Avoidant people have an intense fear of interacting with others -this fear generates anxiety, and this leads them into a spiral of interpersonal rejection. Even so, they like to establish close relationships, but embarrassment and worry keep them from letting others get to know them.
Those with dependent personalities believe that they need the help of others to overcome the obstacles that life presents them with. They feel helpless and incapable, which is why they think that they need assistance to get through their problems -which could be true to a certain extent since this pattern keeps them from learning new abilities. They are incredibly indecisive and have an intense fear of loneliness.
A rigid personality characterizes people with obsessive personalities. Plans are so meaningful to them, and they guide their lives to the extent where they are no longer practical. They always stick to the rules and they don't leave time for leisure or enjoyment since this makes them feel guilty. They are perfectionists that are extremely hard on themselves when it comes to reaching goals, and they don't even consider the possibility of failure. Those with this disorder push themselves to the limit.

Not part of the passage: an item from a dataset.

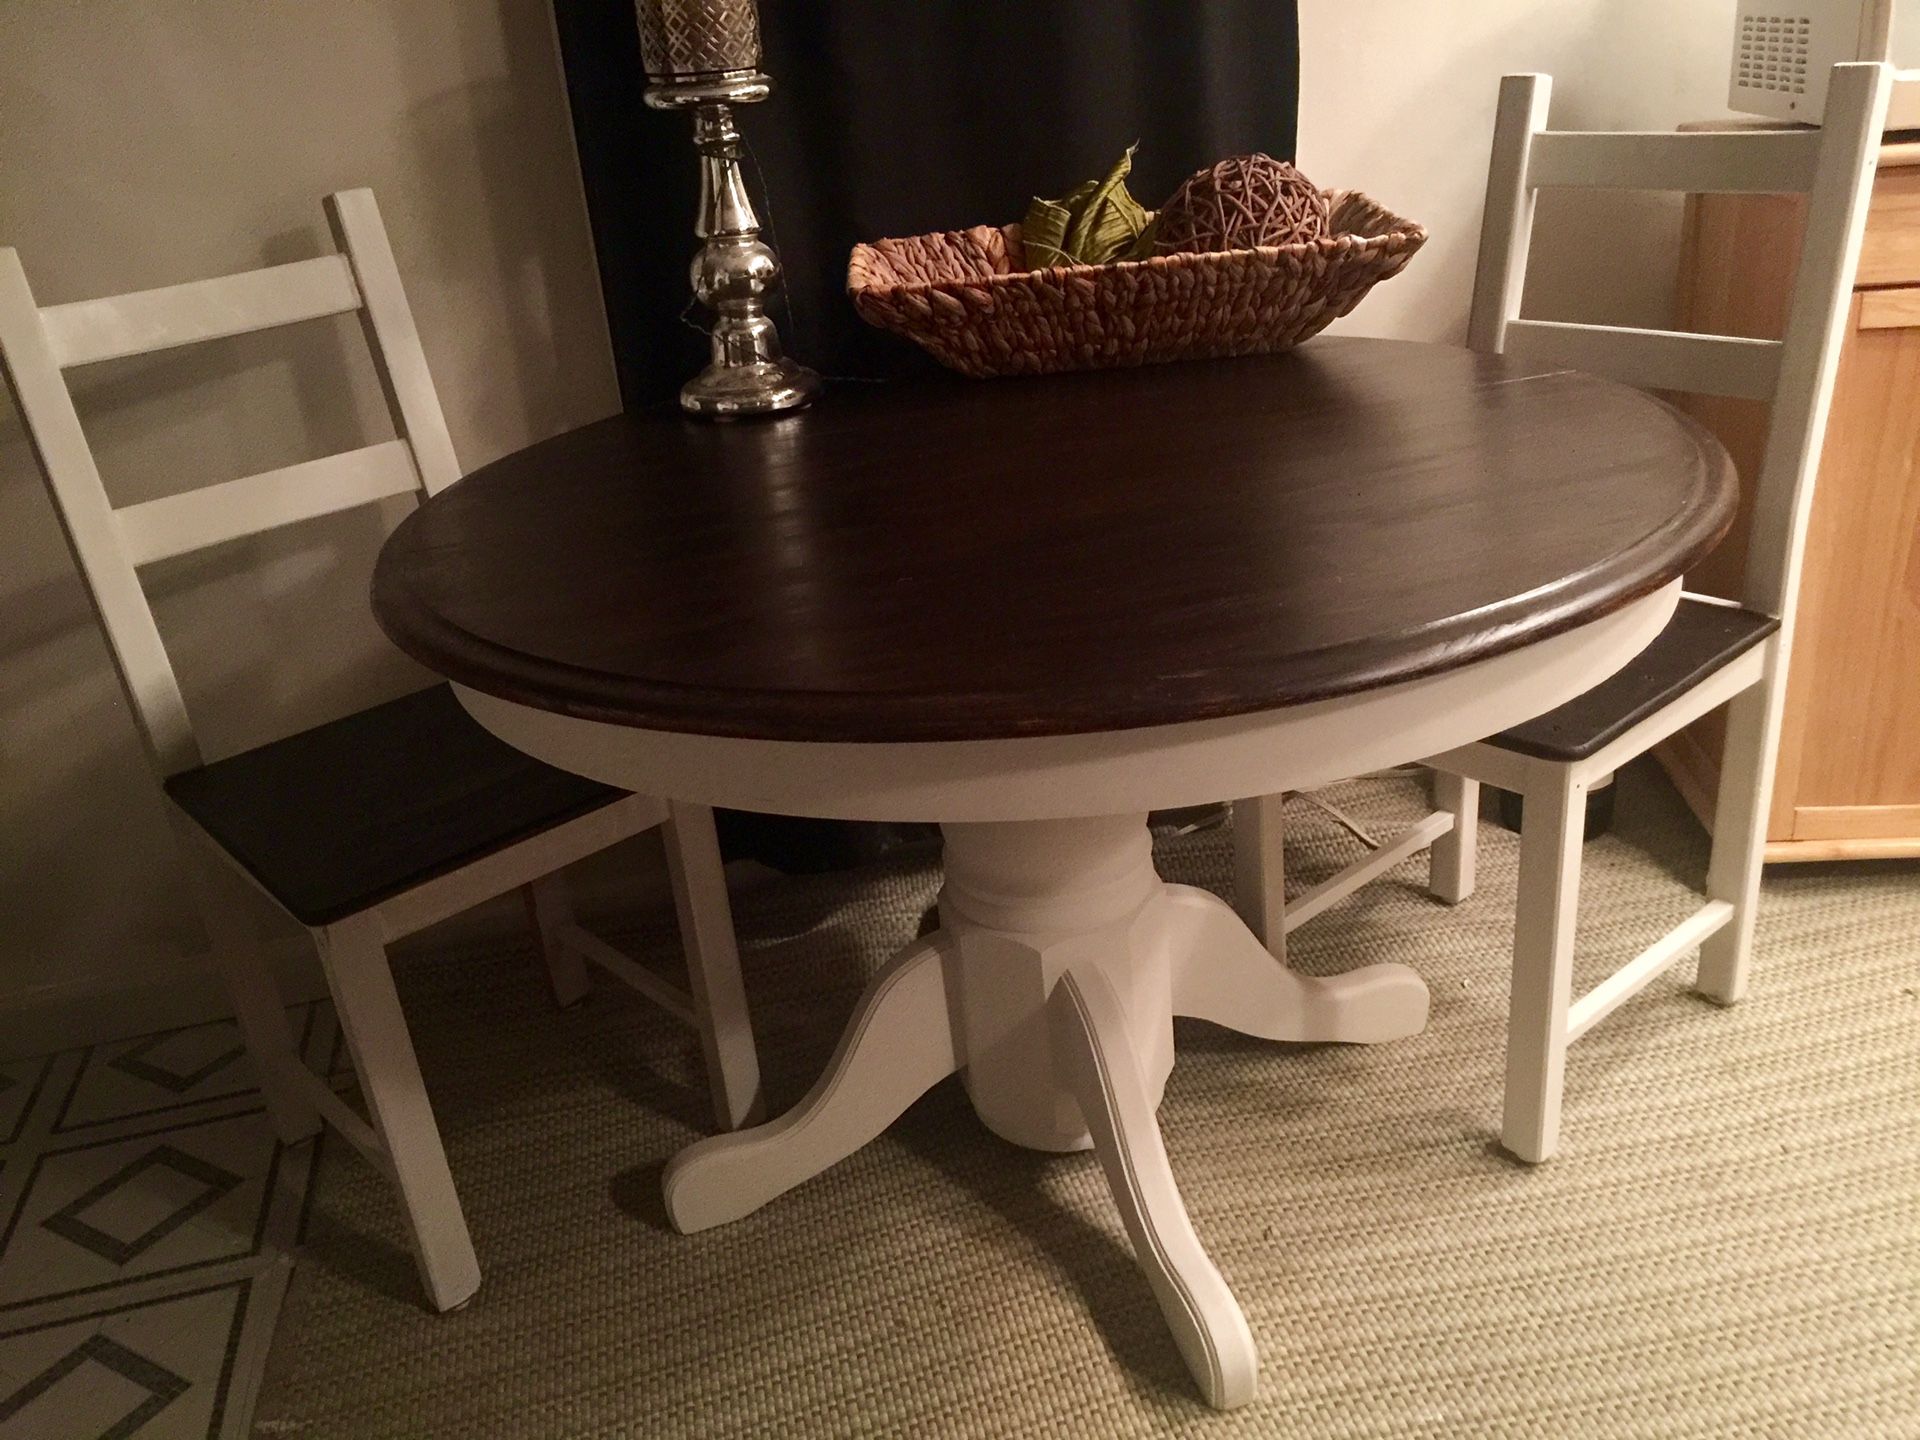 42” round solid wood dining/kitchen table w/leaf and 2 chairs!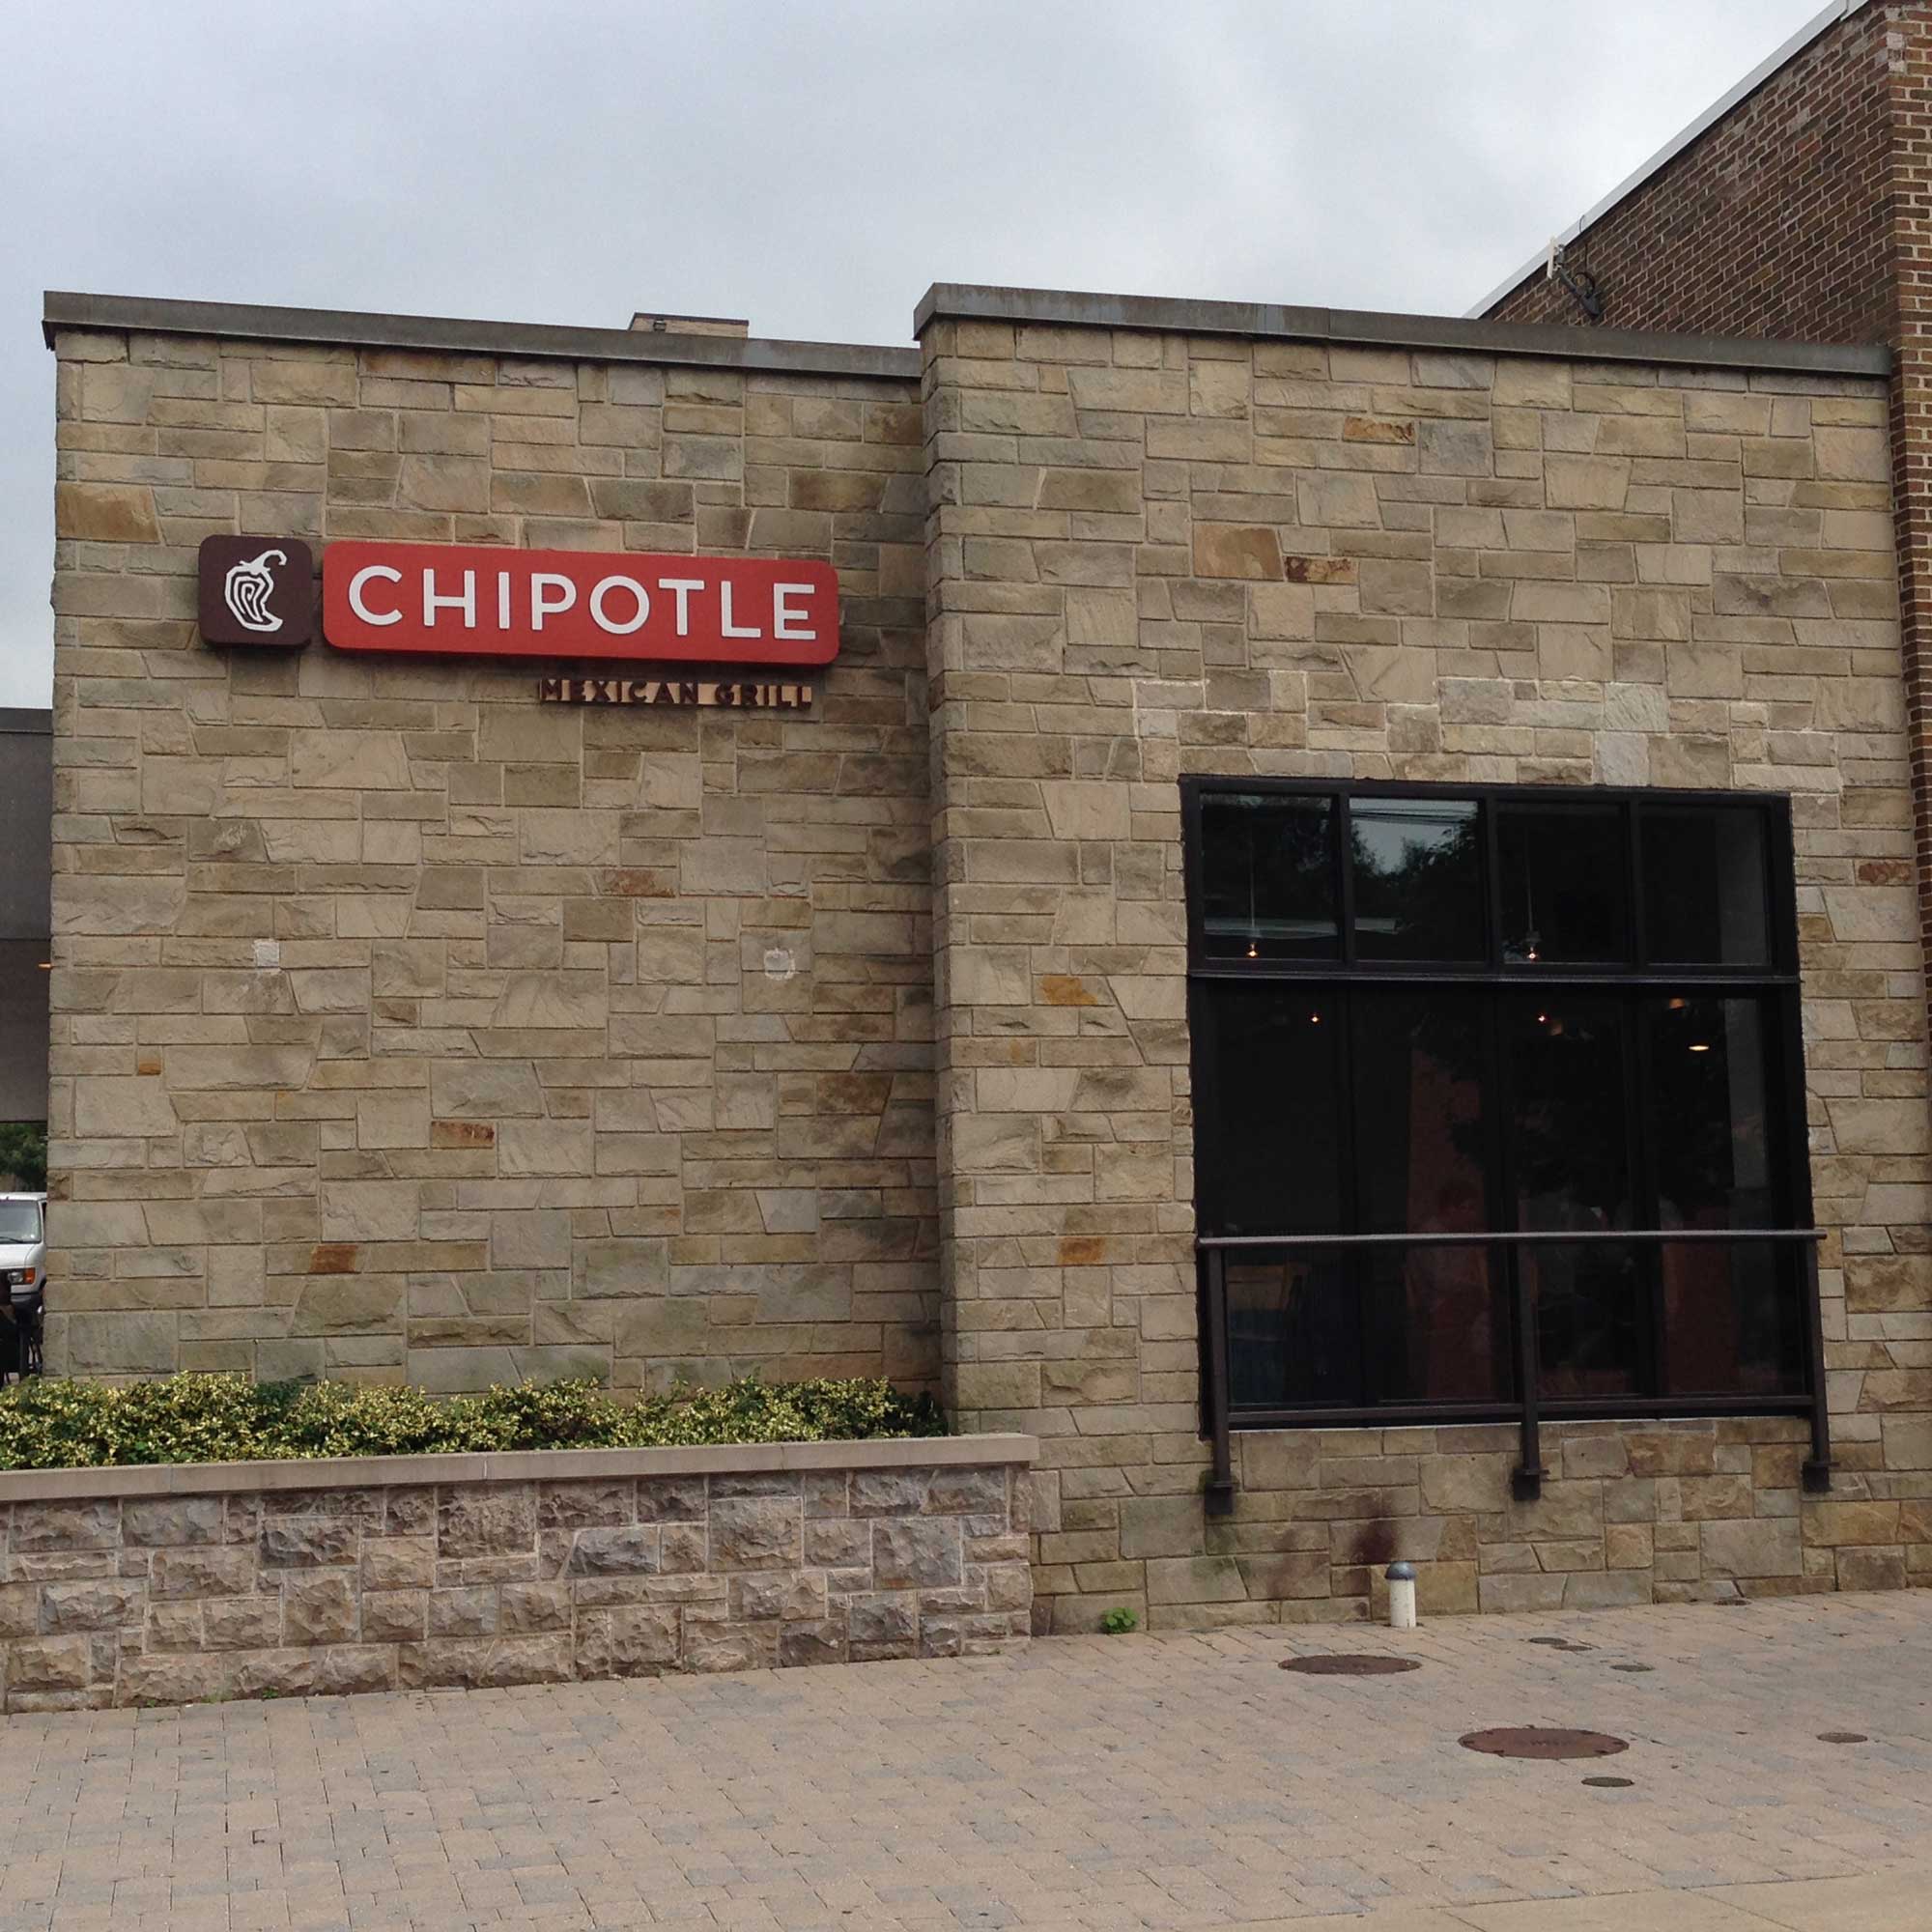 116-Heister-Street,3731-sf,-Chipotle-Mexican-Grill.jpg

According to Theodore Millon, depressive personality disorder is a proper diagnosis for those with chronic depression. Symptoms include negative thoughts about ones' self, planning suicide, and even halucinations and aggressive behavior.
Sadistic people find pleasure in others' suffering. These individuals are usually cruel, dominant, authoritarian and often explode into fits of rage. They also have a tendency toward rigid and dogmatic thoughts, according to Millon.
In contrast, masochism, as described by Millon, is a personality pattern where the affected person belittles themselves, and tends toward subservience and feels that they are always at fault or suspects that people that treat them well have hidden intentions.
According to Theodore Millon, people with passive-aggressive disorder hold grudges and are skeptical and dissatisfied. Besides, they avoid direct communication and tear down others' goals and expectations.